I really don't like the feel of the body of the C2/M2 lights. I would rather the M2 be based of a Z2 body. I don't much care for the pocket clip and would like the rubber piece to have a more round and larger grip to it.

That said, I really do like the bezels and durability of these class of lights. They are my favorite 6v incandescent lights.


----------



## firefly99 (Dec 29, 2006)

Can someone please advise if the SF M2 has a built in barrier to stop the battery from moving forward and squeeze the LA ? 

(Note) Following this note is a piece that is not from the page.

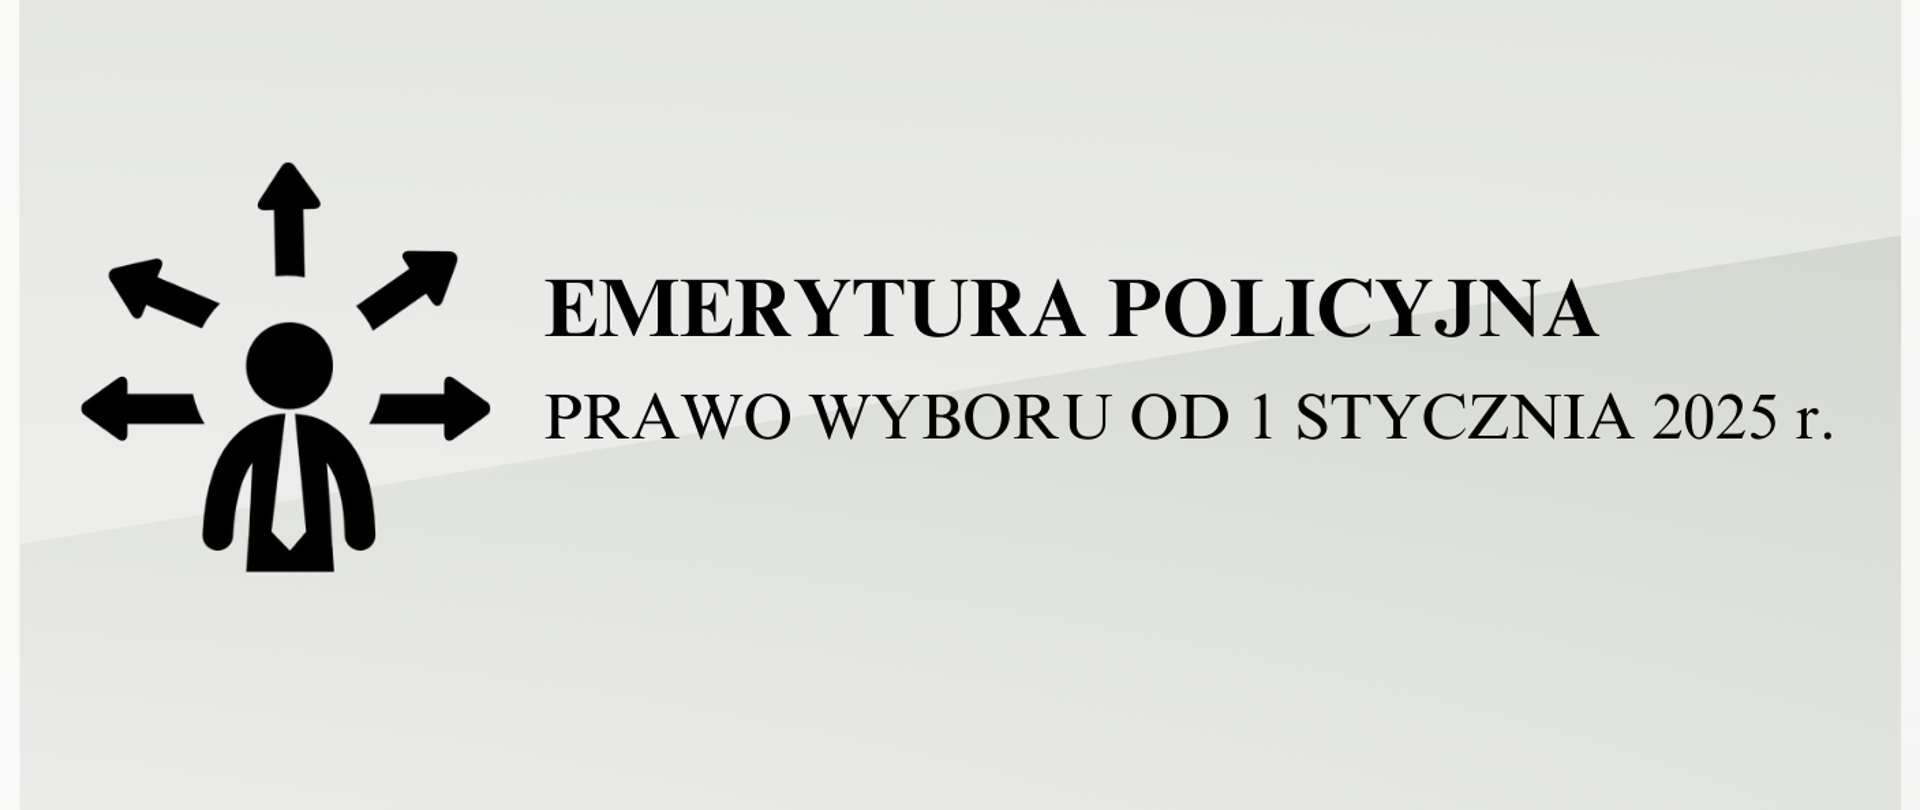 Emerytura policyjna prawo wyboru od 1 stycznia 2025 r.

Does it come with a tailcap lanyard kit ?

Thanks.


----------



## benchmade_boy (Dec 29, 2006)

firefly99 said:


> Can someone please advise if the SF M2 has a built in barrier to stop the battery from moving forward and squeeze the LA ?
> 
> Does it come with a tailcap lanyard kit ?
> 
> Thanks.


no it does not have the built in barrier only the M6 has that to my knowledge, and yes the M2 does come witha lanyard and lanyard ring.


----------



## digitaleos (Dec 29, 2006)

benchmade_boy, 

I may have another option for you, I just recently purchased a LU60A kit from Surefire to mod my E2D. The price from Surefire is $78, it includes the HAIII Black M2 Bezel, an E2C adapter and a P60 LA.


----------



## benchmade_boy (Dec 29, 2006)

digitaleos said:


> benchmade_boy,
> 
> I may have another option for you, I just recently purchased a LU60A kit from Surefire to mod my E2D. The price from Surefire is $78, it includes the HAIII Black M2 Bezel, an E2C adapter and a P60 LA.


wow man that looks really nice. thanks for the tip i will have to keep that in mind. can you get the natural color? 

again thanks!


----------



## digitaleos (Dec 29, 2006)

I'm pretty sure you can only get it in the black, as this is a conversion kit for the Scout Light that uses the KL4, and I have only ever seen them in black.


Chris


----------



## benchmade_boy (Dec 29, 2006)

digitaleos said:


> I'm pretty sure you can only get it in the black, as this is a conversion kit for the Scout Light that uses the KL4, and I have only ever seen them in black.
> 
> 
> Chris


i think the lu60a is only avialable in black but i think the lu60 is in regular HA. hhmmm now my mind is going


----------



## Size15's (Dec 29, 2006)

benchmade_boy said:


> i think the lu60a is only avialable in black but i think the lu60 is in regular HA. hhmmm now my mind is going



That's correct:
LU60A (Black HA) for the ScoutLight (also Black HA)
LU60 (HA, natural) for the Millennium Series universal WeaponLights (also HA, natural)


----------



## Danbo (Dec 29, 2006)

I had an M2, but traded it off to a friend. Then, I ended up buying the L5 Lumamax. Then, my friend bought a KL3 head for his(once mine) M2 and I somehow ended up with the M2 head again. ??? How, I don't recall, but I got it back on another trade. 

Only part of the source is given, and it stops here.